Banned Book Club, by Kim Hyun-sook and Ryan Estrada

 Illustrated by Hyung Ju-ko

Iron Circus Comics (2020)

(Graphic Novel)

Kim Hyun-sook and Ryan Estrada are a husband and wife team who live in Changwon, South Korea. Like the main character in her graphic novel, Kim was a member of a banned book club in the 1980s in South Korea while studying English Language and Literature. The novel starts with a conflict arising from Hyun-sook’s decision to attend a local university. Her parents, who are running an American-style steak restaurant are divided.

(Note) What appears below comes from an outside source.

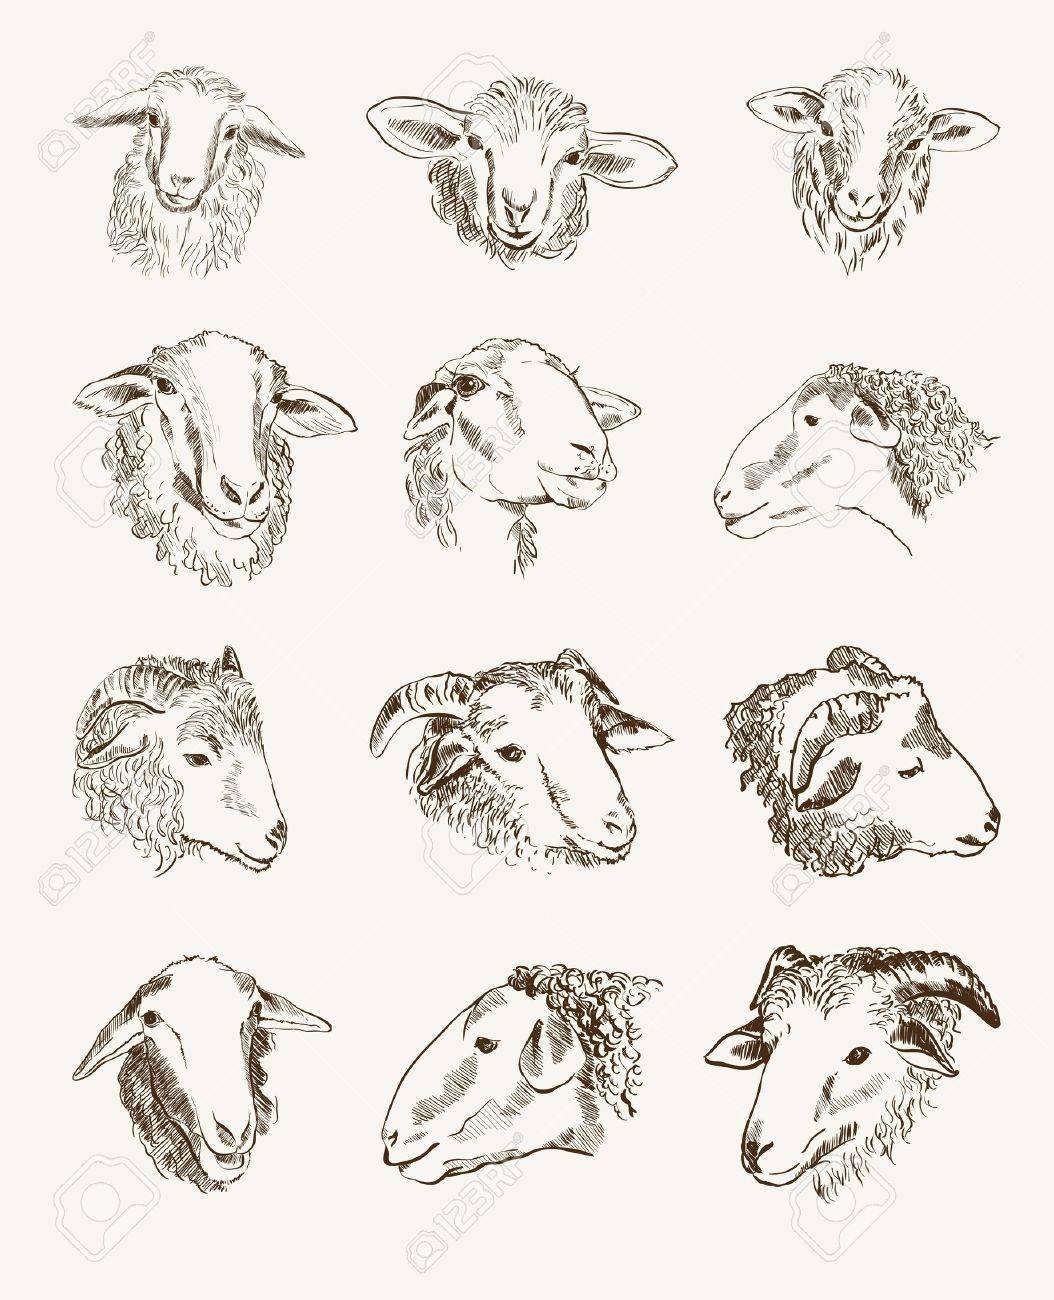 head of farm animals set vector sketches - 26916628

Her mother wants her to be happy with her high school education and work full time in the restaurant, while her father wants his daughter to pursue her dreams. She ends up attending university, which is beset by massive political protests and infested with undercover secret police and student and faculty moles. Pursuing her interest in literature, she winds up attending a banned book club where students read banned literary classics as well as books by Marx, Kim Il-sung, Chomsky, Guevara, Friedan, and the poet Kim Ji-Ha, author of Cry of the People and Other Poems. They also gather to watch foreign films and foreign news broadcasts. Having been indoctrinated in high school with the government’s claim that the Gwangju uprising was caused by North Korean spies, Hyun-sook’s classmates present her with evidence of the true story of the student democracy movement and the brutal methods President Chun used to quell the protests. The text is in English, though there is signage, posters, etcetera that feature untranslated Korean. We see students preparing Molotov cocktails, rioting, police brutality, and torture. Despite all that, the story ends with a cheerful, upbeat reunion twenty years later.  Some of the group’s members have moved into business, but others continue to see a need for active political protest. One couple even runs a “Banned Bookstore.”  As in many contemporary Korean films, young Koreans are portrayed as committed warriors for social justice. Political activism is not extremist: it is expected. Parts of Banned Book Club are raw and frightening, but the conclusion perhaps downplays the extraordinary risks that citizens take when they protest against the state. For example, one character at the reunion is praised for his “ripped” physique; he casually explains that his muscles are a benefit of the ten years he spent in prison for anti-government conspiracy.